Europeans must fear an ill-fated slippage of standards for the good life as Aristotle described the moral objective of the state. Again, it is never a done deal. Today, fear for globalisation; fear for loss of national identity; fear for emerging economic powers, etc. are factors that crudely interfere with exemplary behaviour and Western soft power. Worse, these are easy themes to explore by populists. Still worse, governments have no answers and are reluctant to formulate some. Leaders fear the public polls and often follow them rather than challenge popular views. They seek solutions in vague compromises or even in referenda laying responsibility back on the voters.
It is a dubious tool certainly for resolving complex issues, not to mention international questions. For example, a mere 32 percent of the Dutch electorate voted in the referendum as to the EU agreement with Ukraine; sixty per cent of this minority opposed the agreement. That means that twenty per cent of the total electorate represented the majority. The organisers, who are against the EU, simply used the public mood against expansion of the EU against the EU itself. They do not care a bit about Ukraine. Meanwhile, they claimed that ‘the people’ and thus democracy have clearly indicated what the government should do: renounce the agreement. Poor Ukraine and poor people who believed in Europe’s soft power and in the Dutch democracy. We actually renounced our values and undermined their credibility.
This example does not stand alone: what about Brexit?
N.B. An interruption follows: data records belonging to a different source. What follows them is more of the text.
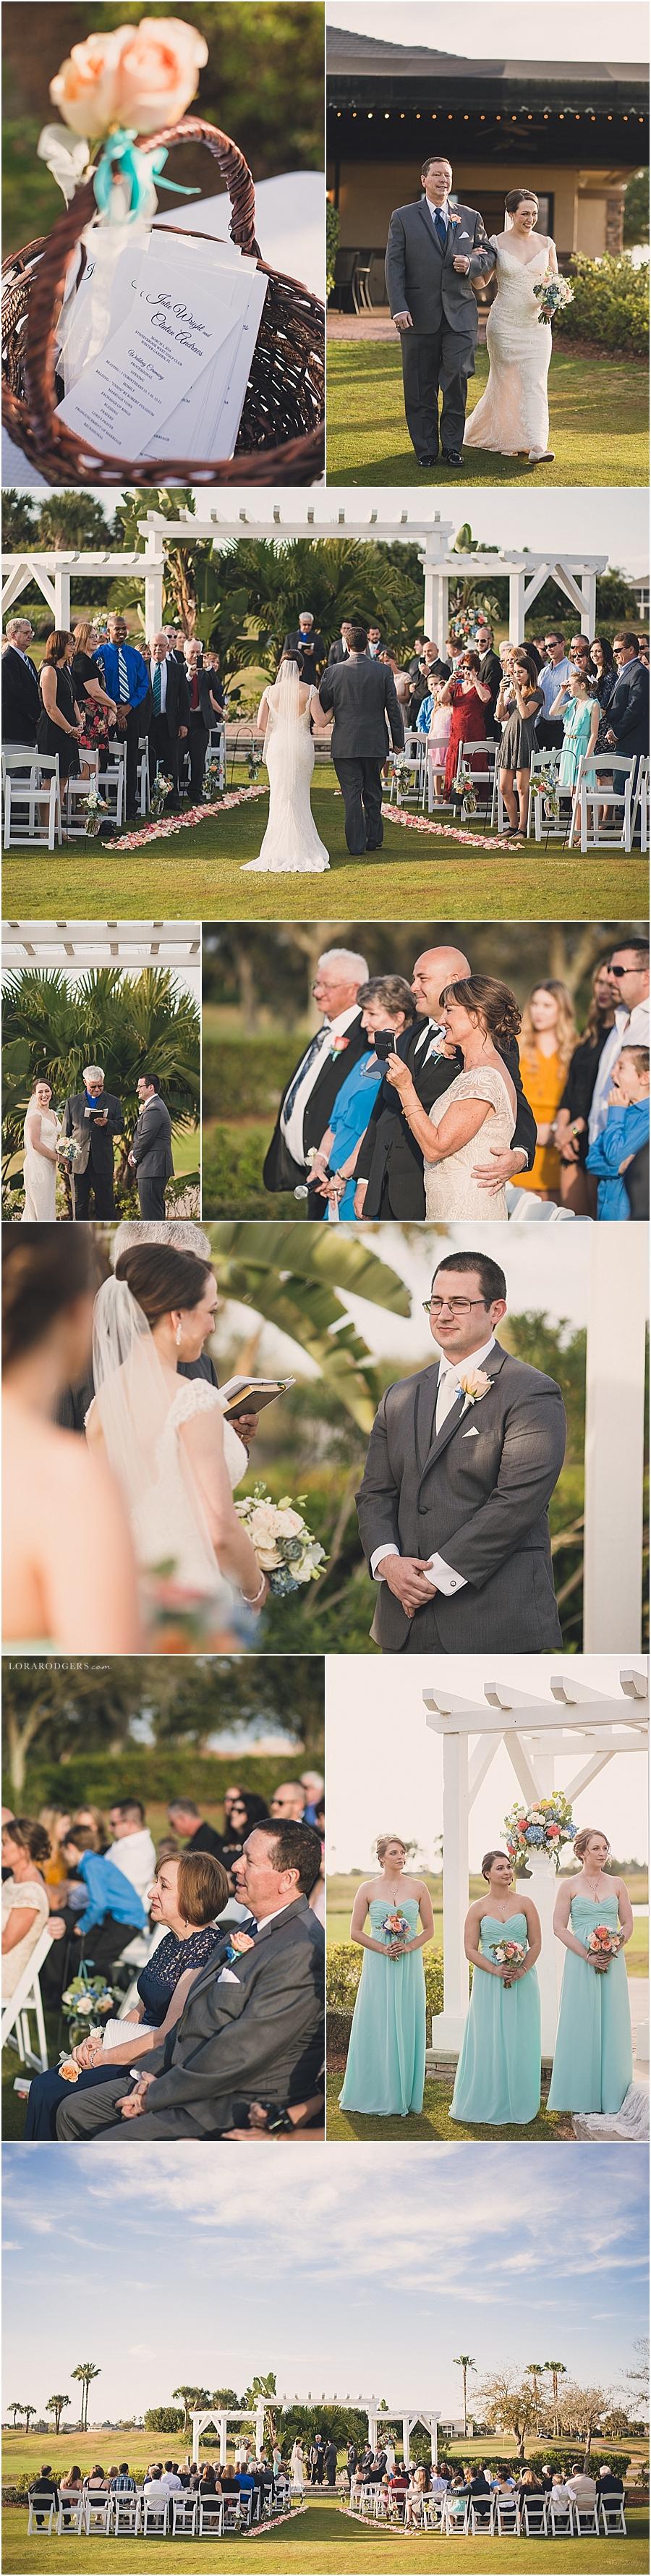 Stoneybrook_West_Orlando_Florida_Wedding_010
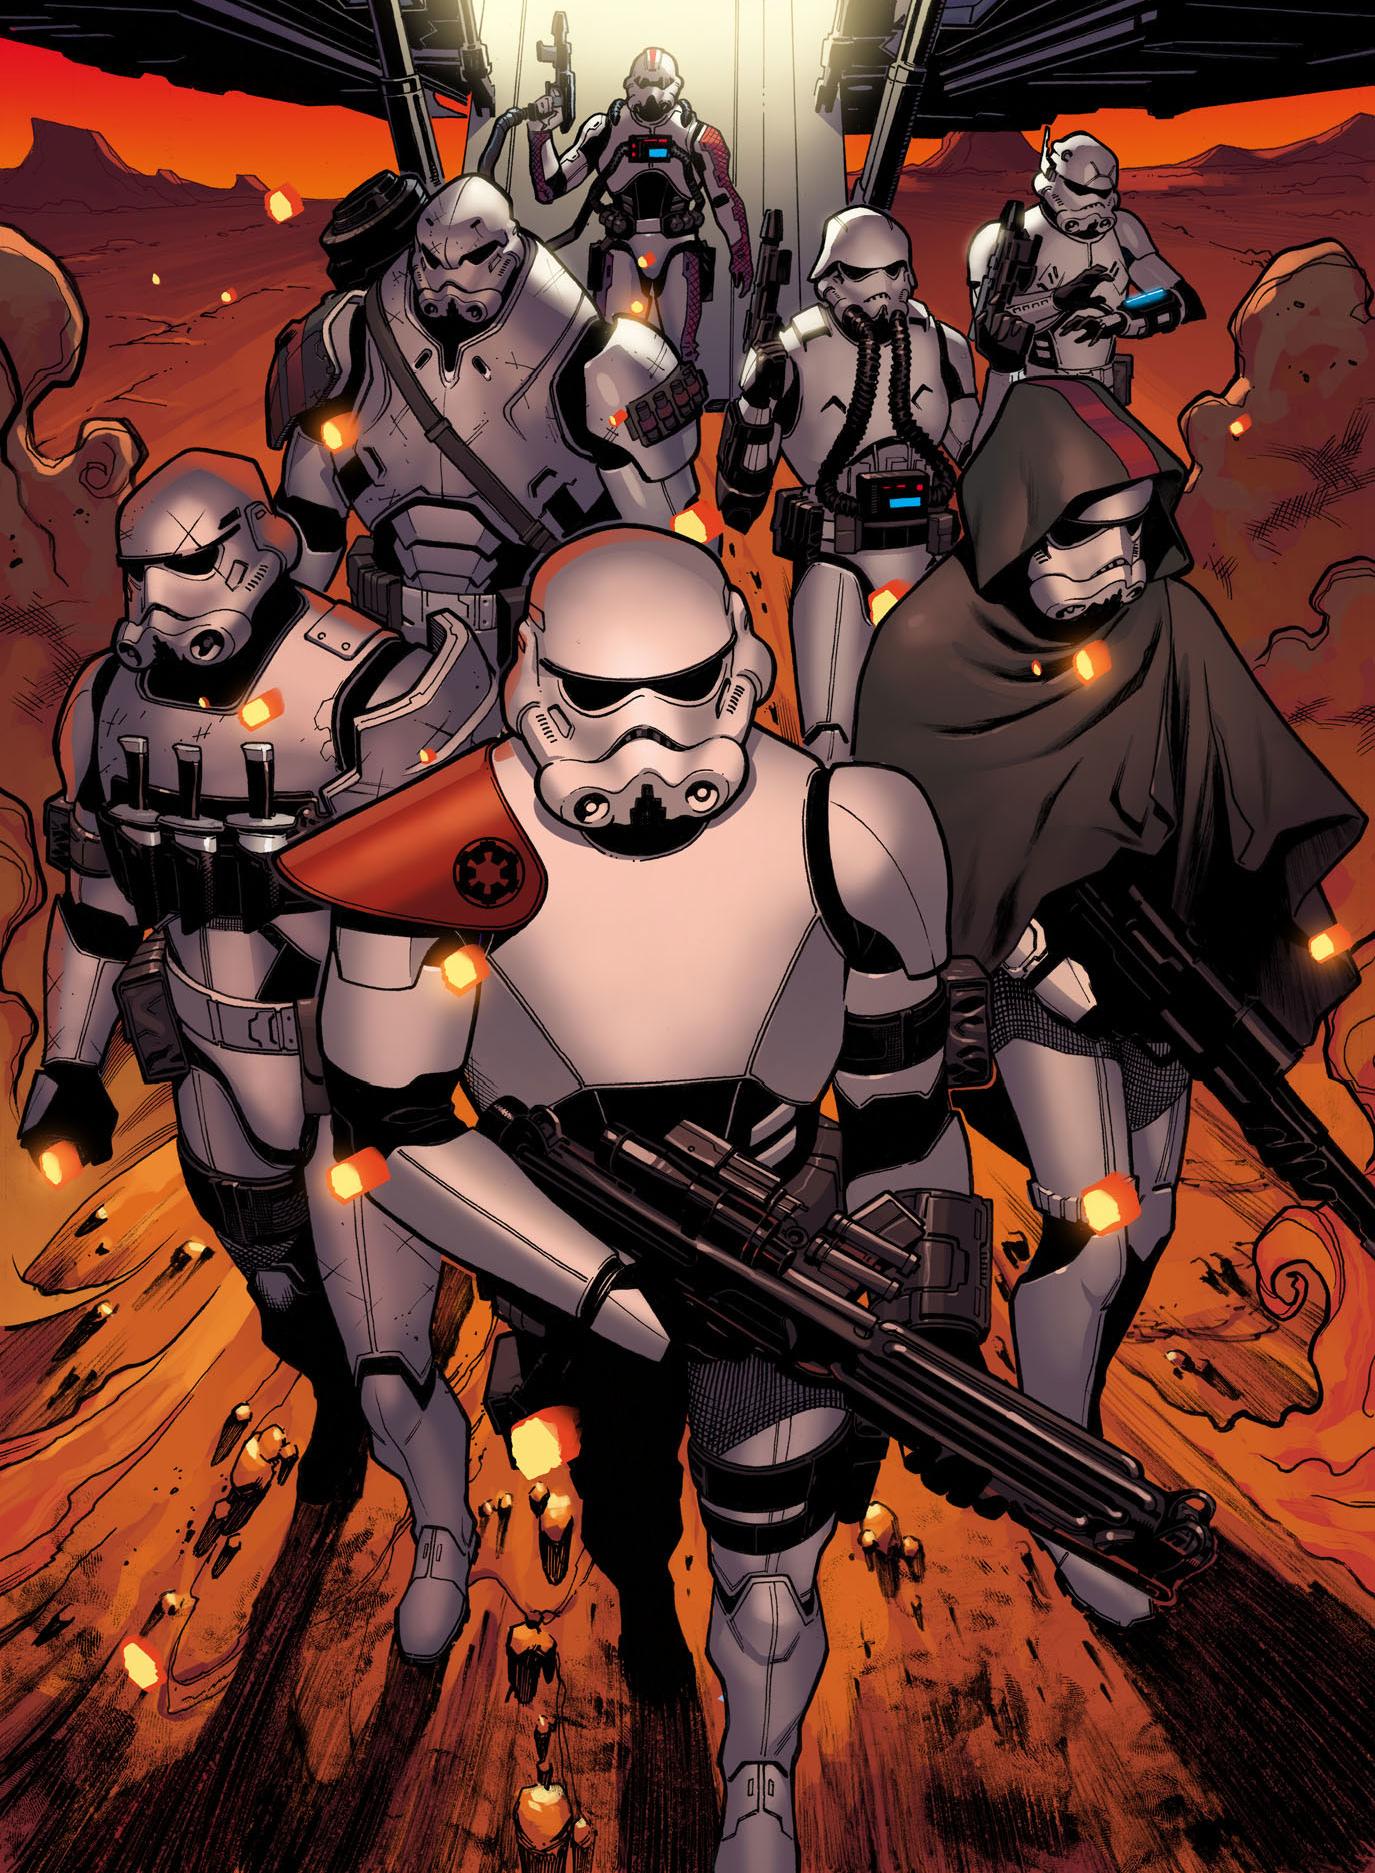 Marvel's Star Wars Title is Gaining Elite Stormtroopers
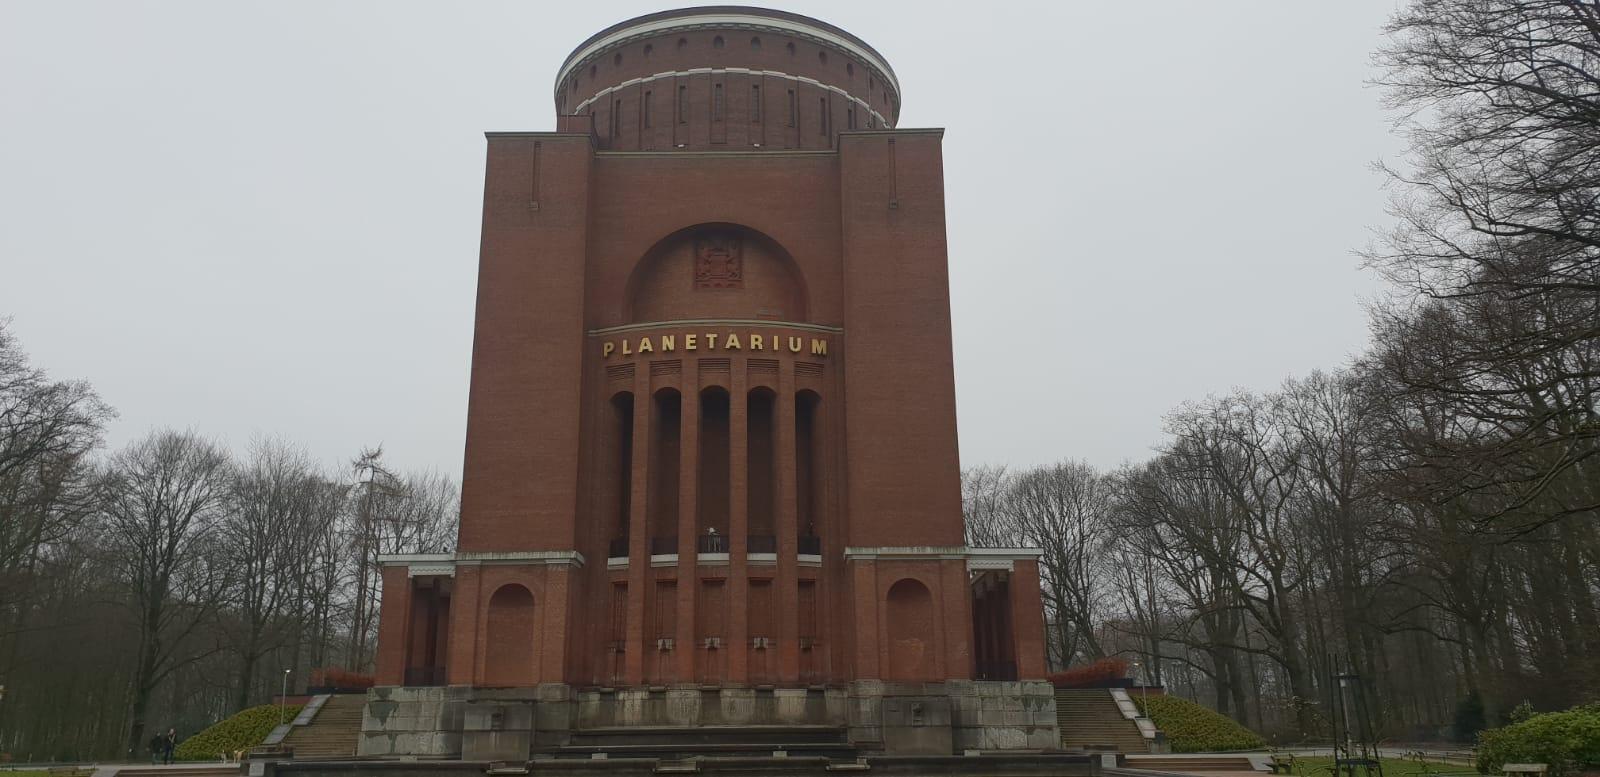 Planetarium im Hamburger Stadtpark

What about Hungary that claims to be protestant/catholic and refuses Muslim immigrants? What about Poland changing its constitution unconstitutionally? How can it criticise Germany for showing moral leadership in the refugees drama? What about the lack of a refugee policy, to begin with? I can go on, but the point should be clear. Our soft power suffers a number of setbacks. We disown our most basic values of soft power and will lose impact in promoting a just, democratic order in the world.
This is not just an ephemeral problem. The European societies at large suffer from a lack of responsibility for maintaining the accomplishments. People talk about rights rather than responsibilities. They are entitled to enjoy freedom of speech and social security; they see 50 per cent-plus-one as the rule of democracy and the view of the layman-citizen is as important as the one of experts; quantity seems the criterion to judge the truth, not quality. The list does not end here. These people are not fighting for what they inherited in order to retain it. They assume the good life as a concern of the state, not theirs. They often do not eschew nationalism. Unfortunately, nationalists exclude others and do not unite societies. On the contrary, they disunite. They do not support the rules of pluralism and the truth of EU beauty, namely unity in diversity.
These and other disturbing, growing conceptions are the more profound problem of the EU’s soft power. If we lose this asset what can we hope for in world politics? There is no-one else to do this job as a non-threatening power. If the EU and its member states fail to recover from this set-back, we risk falling back in the hard power game, also with potential and aspiring states like Turkey. A prospect we should resist.